Twenty years working in a computer center, the last seven or so when computing was reaching the general public (and we were being shown the prototypes for today's digital must-haves), and I would be pressing my throat hard against a straight razor if I had end up like the above.
I smoked for 10 years and decided one day I didn't want to do it anymore. Whats your point? That smart phones are addicting? They are addicting and I find myself looking at that thing at times just because I have it, but in all honesty, there is nothing on a smartphone I need that a basic phone wouldn't provide me. They are more of a real life distraction than anything. Just my 2 cents.
Sheesh, maybe you should be asking what the F is wrong with your real life then if you need this distraction from it.
I use my camera phone to photograph occasional newspaper and magazine articles at the public library, or bookstore. Including recipes. I use it to photograph posters on store windows or bulletin boards, about upcoming community events and entertainments. Occasionally paintings at art shows. And to photograph I.D. and insurance cards of the other driver when you have a collision.
Sheesh, maybe you should be asking what the F is wrong with your real life then if you need this distraction from it.
I don't need a distraction from my life but I find when I start looking at the thing for no reason it becomes one. Much like if I go out to eat and I see an entire family on their phones without any communication at all between them...again, those phones are a distraction. When I go on vacation I shut the thing off and leave it in the hotel room and its amazing how much more relaxing the vacation becomes. I become much more engaged with my surroundings, more social, less stressed, etc., and I am not even one of those people that have my nose buried in my phone all the time.
I don't need a distraction from my life but I find when I start looking at the thing for no reason it becomes one. Much like if I go out to eat and I see an entire family on their phones without any communication at all between them...again, those phones are a distraction. When I go on vacation I shut the thing off and leave it in the hotel room and its amazing how much more relaxing the vacation becomes. I become much more engaged with my surroundings, more social, less stressed, etc., and I am not even one of those people that have my nose buried in my phone all the time.
Bingo. It's not the device itself. It's the addictive nature of people who are obsessed with it. Weird, but I can manage to go through an entire dinner without once consulting my phone. I can sit through a concert, church service, or movie without whipping it out. I spend my entire Saturday out on a friend's boat without obsessing over my Facebook feed or text messages. That being said, I did consult it to see if it were about to rain.

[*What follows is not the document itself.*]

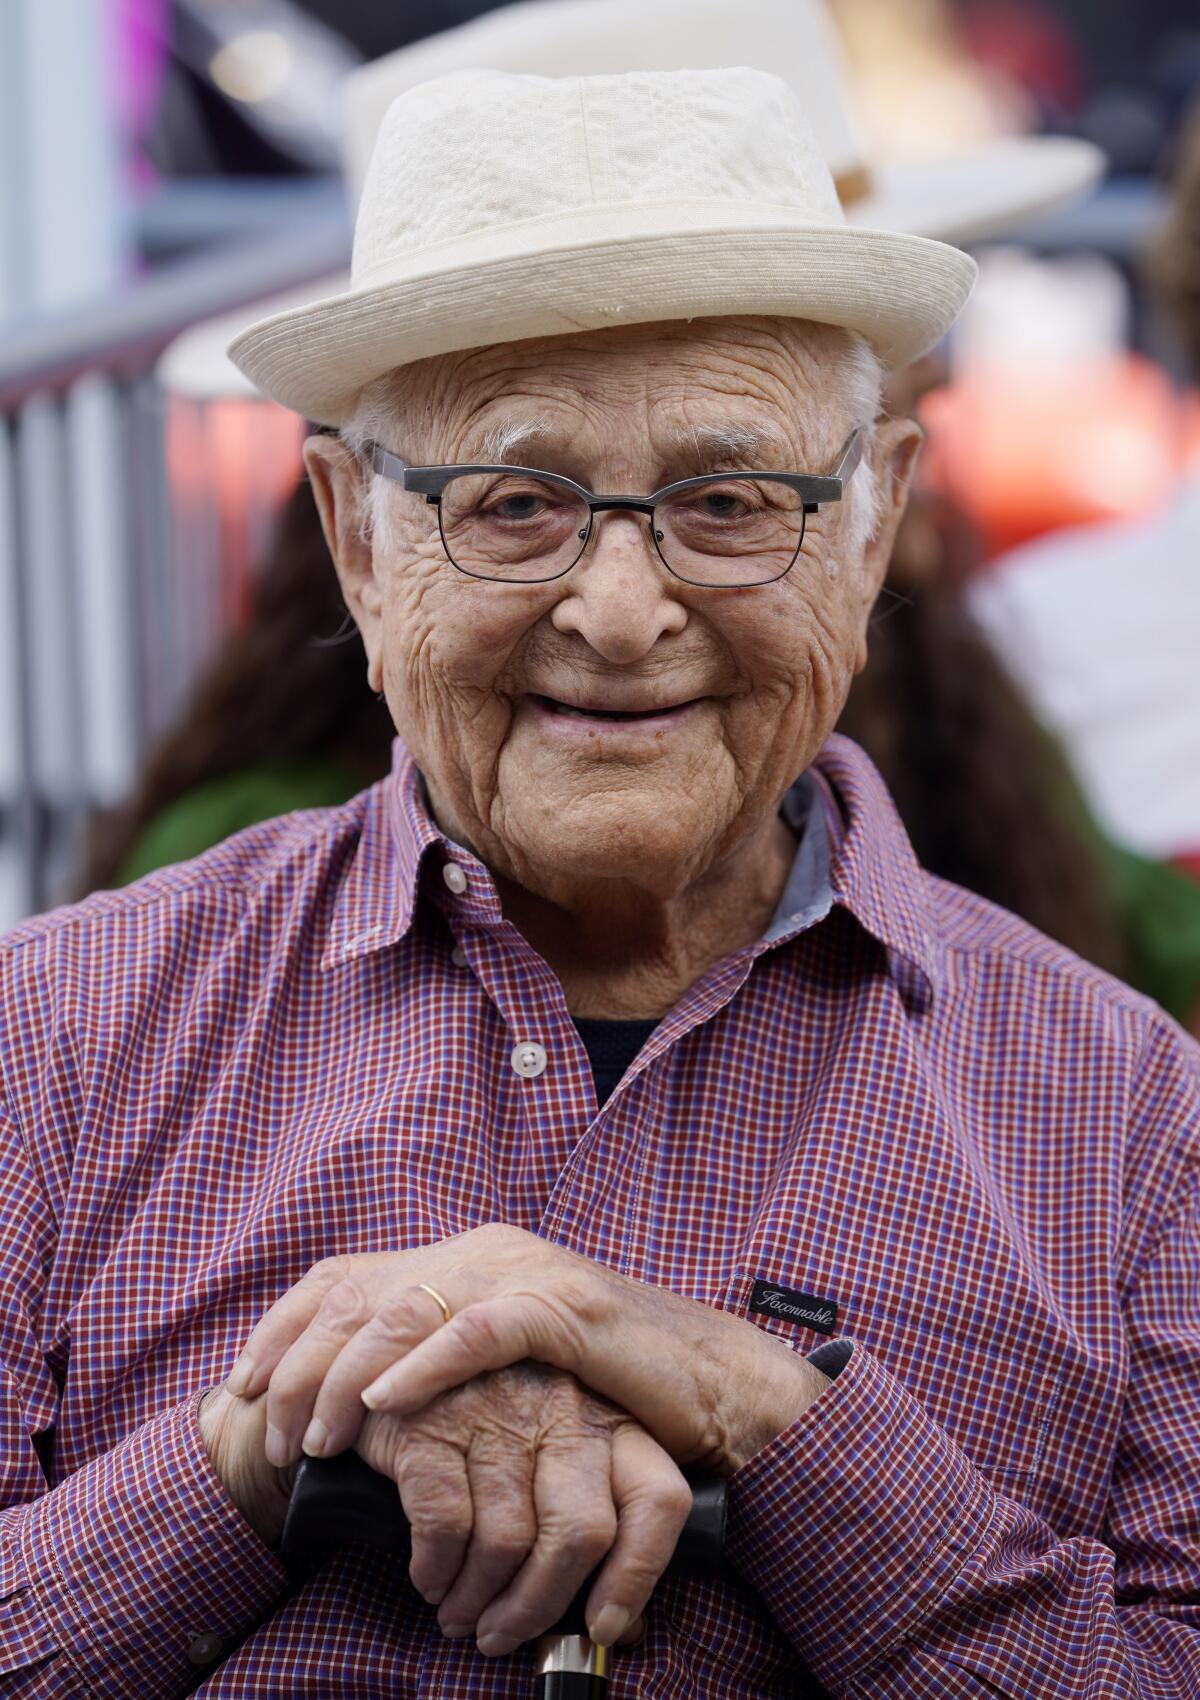 A smiling, older man with glasses, in white hat and red checkered shirt, with hands together

In that sense, you might as well talk about television. There are people who watched (And, I guess, still do) eight hours of television a day. There are people who, when company comes over, keep the idiot box on. There are (were) families who ate dinner in the den while staring glassy-eyed at whatever was one. There are people who order(ed) their entire lives around what was broadcasting and when.
Television in itself was entirely neutral. It was either be a wonderful thing, creating a better world or destroying our sense of community. In that sense, that depended on both its user and its critic.
See how that works? So the criticism of smartphones per se has the same feel as the generation before complaining about the one-eyed monster. But in the end, it is only a tool, albeit a pretty damned good one.
My only concern with cell phones in general is that it holds the "keys to the kingdom." If someone has your phone and can defeat whatever security measures the user has, they have access to nearly anything and the ability to change your password to various other services.
I'm fine with the reliance on them. And while the risk of loss can be mitigated, it is still there and it could be severe.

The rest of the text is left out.